Afrobarometer : une jeunesse très instruite… mais 50 % au chômage
Alors que le Gabon affiche l’un des taux de scolarisation les plus élevés d’Afrique centrale, la moitié des jeunes reste sans emploi. Une contradiction majeure révélée par Afrobarometer, qui montre que l’école gabonaise produit des diplômés… mais pas les compétences attendues sur le marché du travail.
Les données d’Afrobarometer publiées le 13 novembre 2025 confirment une réalité que les familles gabonaises ressentent quotidiennement : jamais la jeunesse gabonaise n’a été aussi instruite, et pourtant, jamais elle n’a été aussi massivement touchée par le chômage. Selon l’enquête, plus de 50 % des jeunes de 18 à 35 ans se déclarent sans emploi, tandis que 63 % en font la première priorité nationale.
Cette contradiction soulève une question fondamentale : comment un pays qui investit massivement dans l’éducation se retrouve-t-il incapable de transformer ce capital humain en opportunités professionnelles ?
Un système scolaire déconnecté du réel économique
Deux chiffres résument le paradoxe gabonais : plus de 80 % des jeunes ont atteint le secondaire ou le supérieur ; pourtant, seul 1 jeune sur 2 trouve un emploi, et souvent dans le secteur informel.
Le rapport d’Afrobarometer est sans équivoque : les compétences produites par l’école gabonaise ne correspondent pas aux besoins du marché. Entre les filières sursaturées (droit, gestion, communication) et l’absence de formations techniques adaptées (énergie, numérique, agriculture moderne, métiers industriels), le fossé se creuse. Le système éducatif forme, certes, mais il ne prépare pas.
Des diplômés qui ne trouvent pas leur place
Ce désajustement se manifeste de manière criante dans trois domaines clés : la formation technique et professionnelle, sous-financée et dévalorisée, incapable de répondre aux besoins industriels du pays, les compétences numériques, très peu développées, alors que les entreprises réclament des profils qualifiés dans la data, la cybersécurité ou la maintenance informatique et l’entrepreneuriat, largement promu par les discours politiques, mais freiné par l’absence d’accompagnement financier, administratif et fiscal.

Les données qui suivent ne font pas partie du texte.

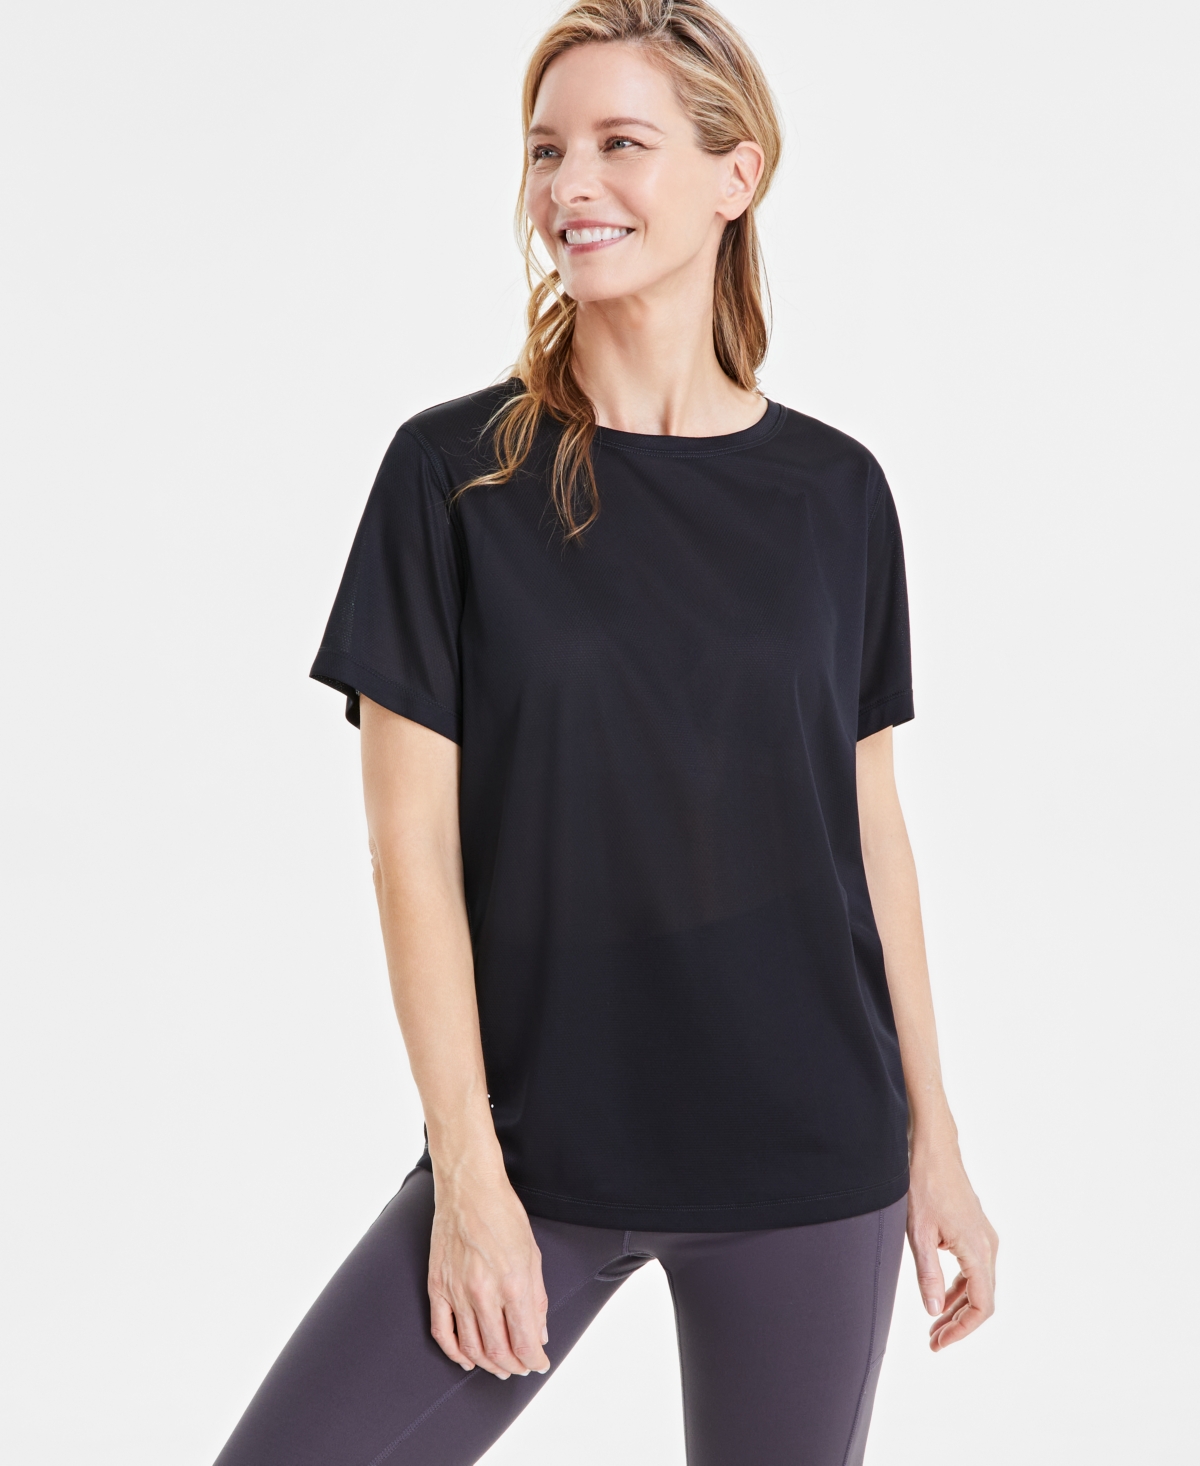 Women's Birdseye Mesh Short-Sleeve T-Shirt, Created for Macy's - Pink Icing
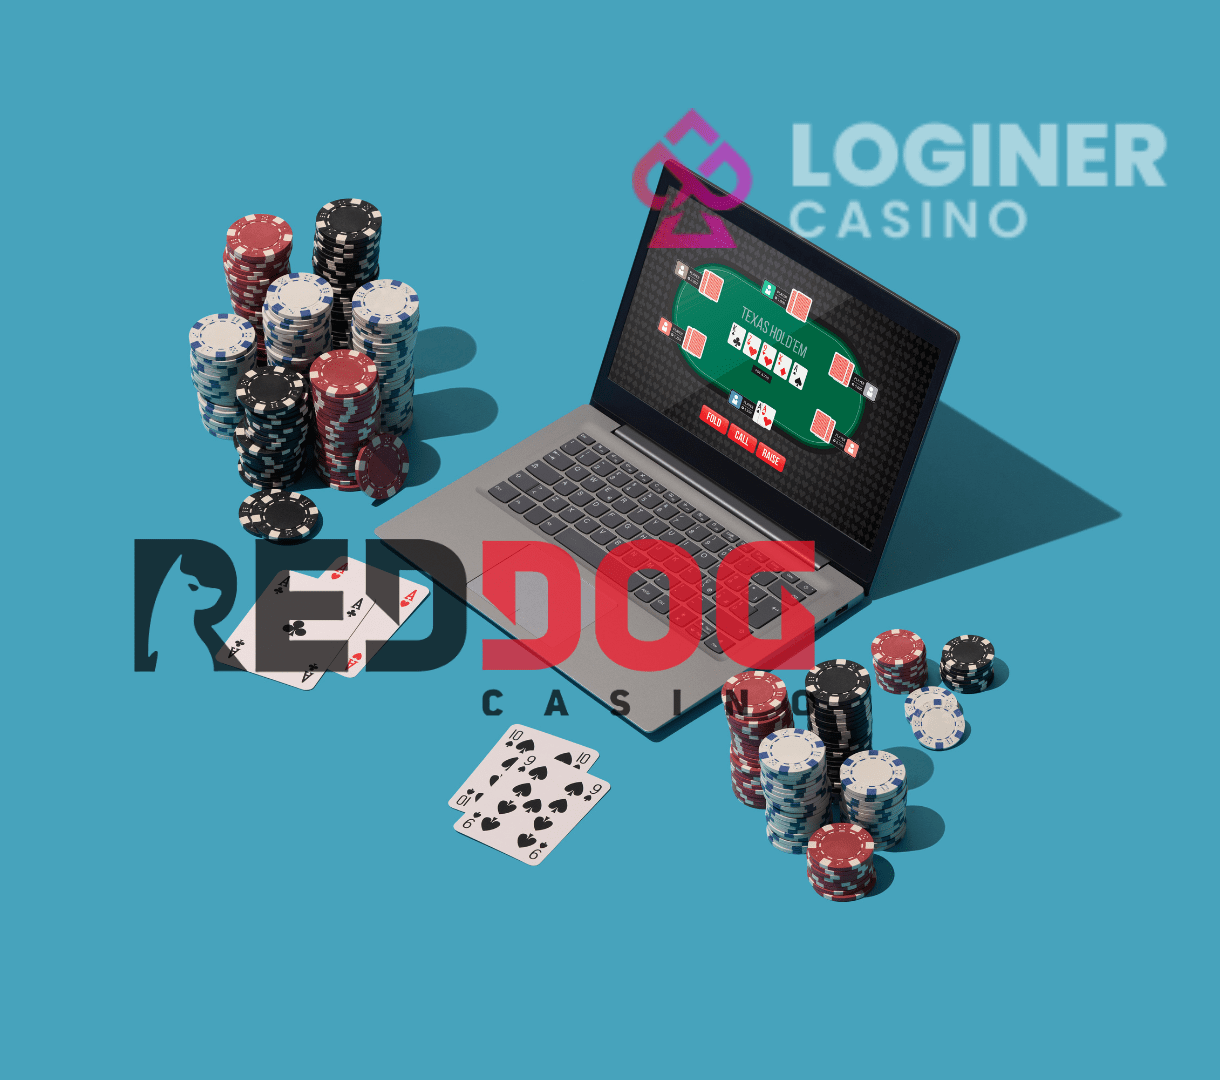 Mobile Red Dog Mobile Casino

Résultat : le Gabon fabrique des cohortes de diplômés brillants… qui n’ont pas accès aux secteurs où se créent les emplois.
Le marché du travail réclame des compétences que l’école ne produit pas
Les attentes des employeurs – compétences pratiques, savoir-faire technique, polyvalence, culture numérique – ne trouvent presque jamais écho dans les trajectoires scolaires. Afrobarometer note que malgré une forte volonté de travailler, la majorité des jeunes se retrouve « mal préparée » ou « inadéquatement formée ».
Dans les entreprises, un discours revient avec insistance : « les jeunes sont diplômés, mais pas opérationnels ». Une formule injuste pour certains, mais révélatrice d’un malaise structurel.
Le test ultime pour le gouvernement Oligui Nguema
En plaçant l’emploi en tête de leurs préoccupations, les jeunes gabonais envoient au gouvernement un message clair : la rupture du 30 août ne sera crédible que si elle crée des opportunités réelles.
Trois chantiers s’imposent : Réformer en profondeur l’enseignement technique et professionnel ; Aligner les formations supérieures avec les besoins stratégiques (agro-industrie, énergie, numérique, santé) ; Créer un écosystème entrepreneurial moderne, simple et financé. Car sans transformation du modèle éducatif, aucune politique de l’emploi ne tiendra.
Un paradoxe qui peut devenir une force
Le Gabon n’est pas condamné à ce déséquilibre. Une jeunesse instruite est un avantage stratégique rare sur le continent. Mais si elle reste exclue du marché de l’emploi, elle deviendra une source d’instabilité sociale et politique. L’heure n’est donc plus au constat, mais à l’action.
Le paradoxe gabonais peut devenir un atout… si le pays parvient enfin à faire coïncider formation, compétences et opportunités.